Your goal: Where a picture appears, skip it and copy everything else in the listing exactly.
[Data below — start]
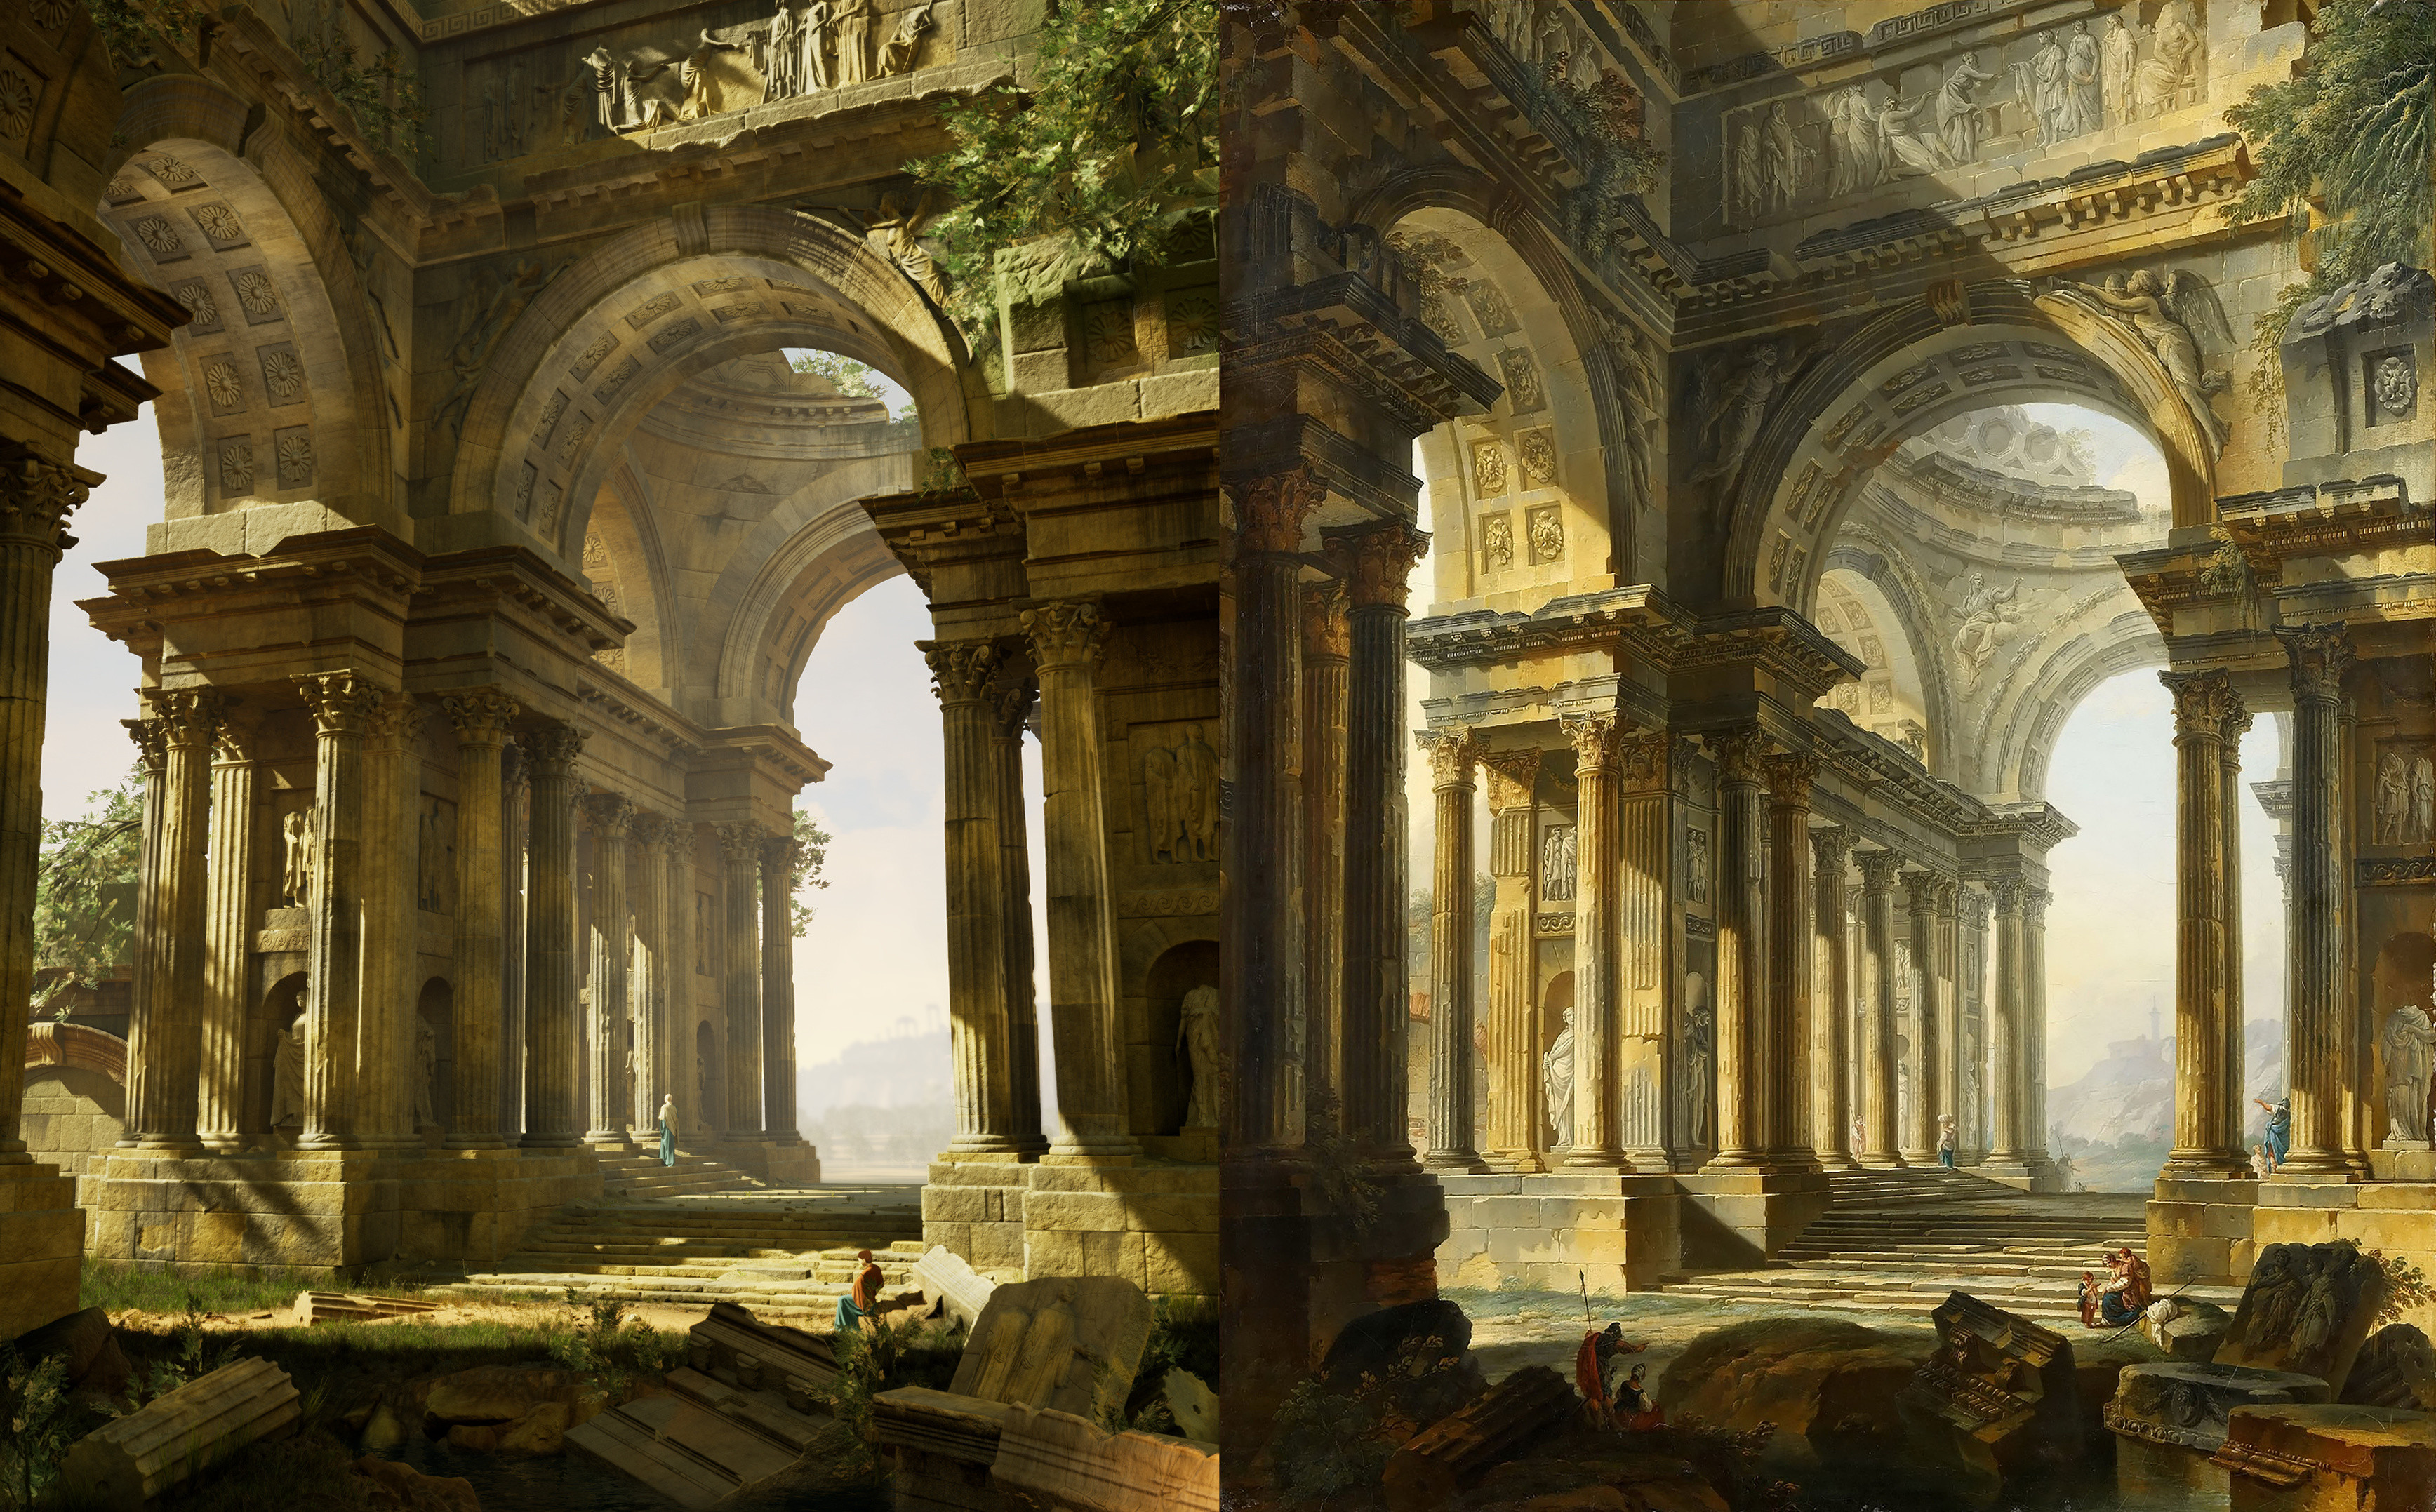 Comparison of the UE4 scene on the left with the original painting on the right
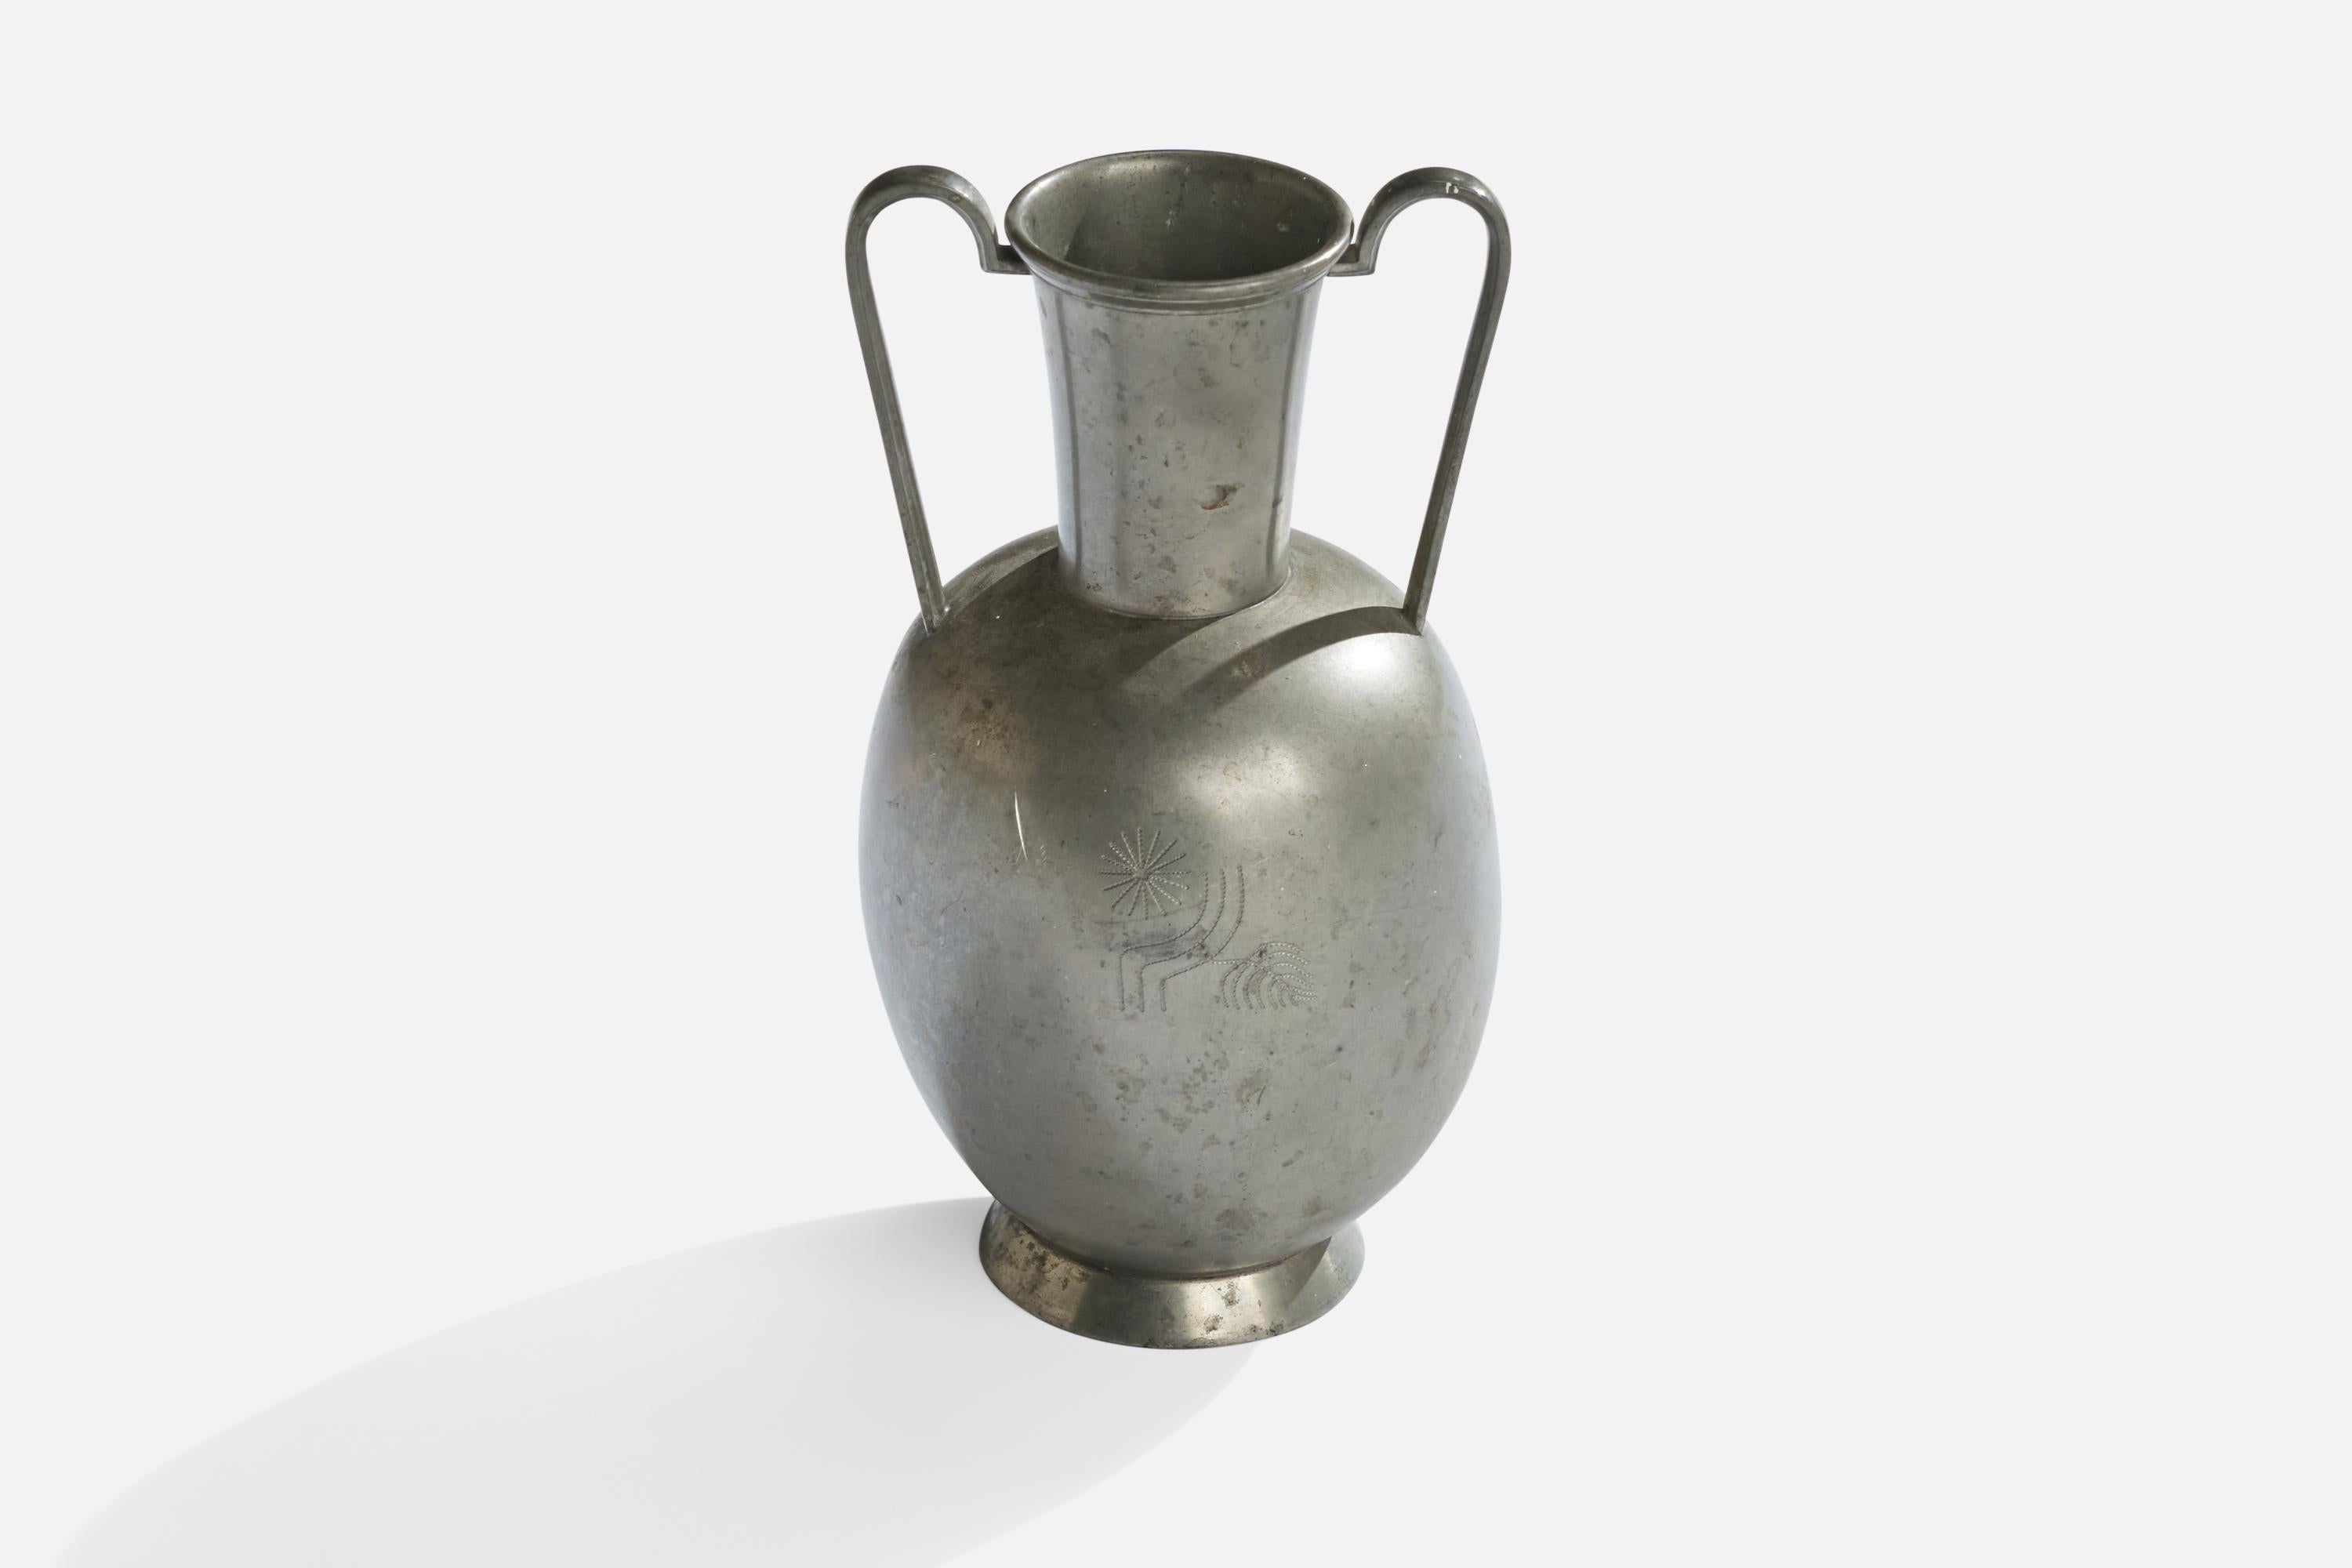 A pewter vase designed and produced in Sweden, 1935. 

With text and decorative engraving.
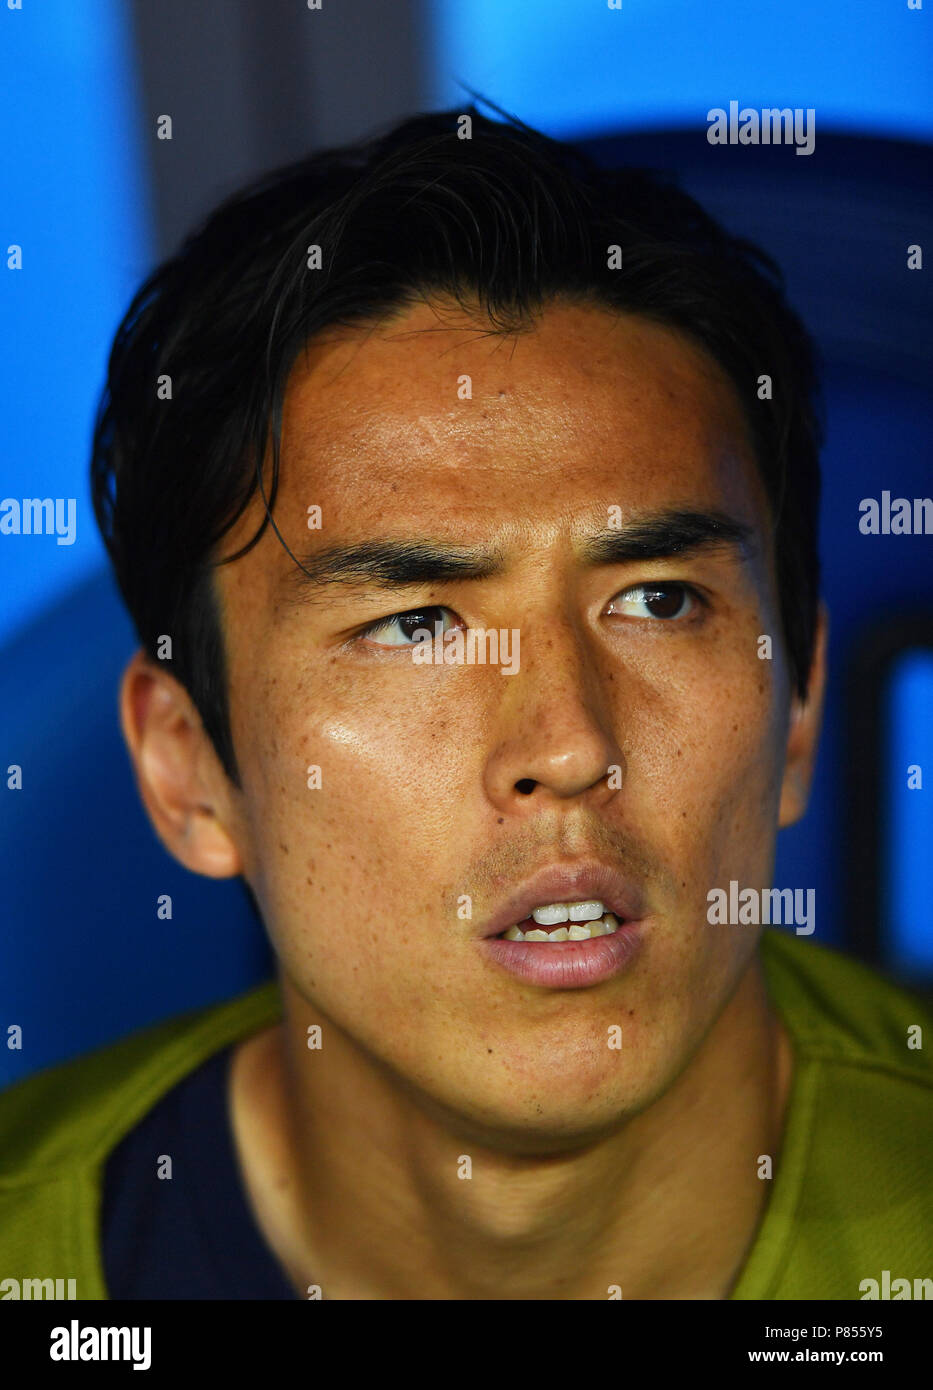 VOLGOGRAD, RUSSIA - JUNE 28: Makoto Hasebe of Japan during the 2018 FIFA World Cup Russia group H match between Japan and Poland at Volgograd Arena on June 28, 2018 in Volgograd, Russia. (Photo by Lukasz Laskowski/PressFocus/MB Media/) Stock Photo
[Data below — finish]
Task solution:
 Comparison of the UE4 scene on the left with the original painting on the right
 A pewter vase designed and produced in Sweden, 1935. 

With text and decorative engraving.
 VOLGOGRAD, RUSSIA - JUNE 28: Makoto Hasebe of Japan during the 2018 FIFA World Cup Russia group H match between Japan and Poland at Volgograd Arena on June 28, 2018 in Volgograd, Russia. (Photo by Lukasz Laskowski/PressFocus/MB Media/) Stock Photo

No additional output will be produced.